An even more general principal is that "free fall" means "fall
without obstacles".

No. Any "obstacle" would necessarily exert a force on the object, but
some forces are not obstacles. The moderator's statement is more
general, and is indeed the accepted meaning of "freefall" in physics.

Do not attempt to redefine the meanings of common words and phrases
-- that will prevent you from communicating with other people,
especially physicists.

No one can deny that, in the most remote space far from all gravity,
a metal elevator falling towards an electromagnet is in "free fall".

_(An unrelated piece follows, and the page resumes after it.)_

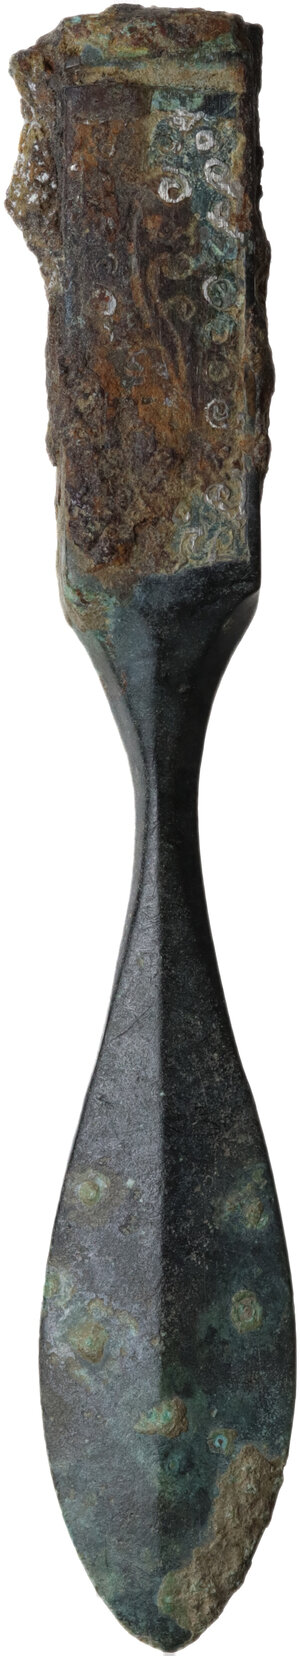 reverse: Late Roman period, Balkans. Bronze tool. Handle elaborately decorated with floral patterns, some silvering in the lines of the pattern.  78 mm

Not true: every physicist would deny that, because the electromagnet
exerts an electromagnetic force on the elevator, making it NOT be
in freefall.

You REALLY need to get a book on basic physics and STUDY it. Your
repeated questions around here are not effective in your learning
physics. Better yet, enroll in a physics course at a local college or university, so you will have an instructor to discuss these issues.

Tom Roberts

[[Mod. note -- I second these recommendations. A few of the (many)
excellent introductory physics books available are those described in:
https://en.wikipedia.org/wiki/Physical_Science_Study_Committee
https://en.wikipedia.org/wiki/Harvard_Project_Physics
https://en.wikipedia.org/wiki/Fundamentals_of_Physics
-- jt]]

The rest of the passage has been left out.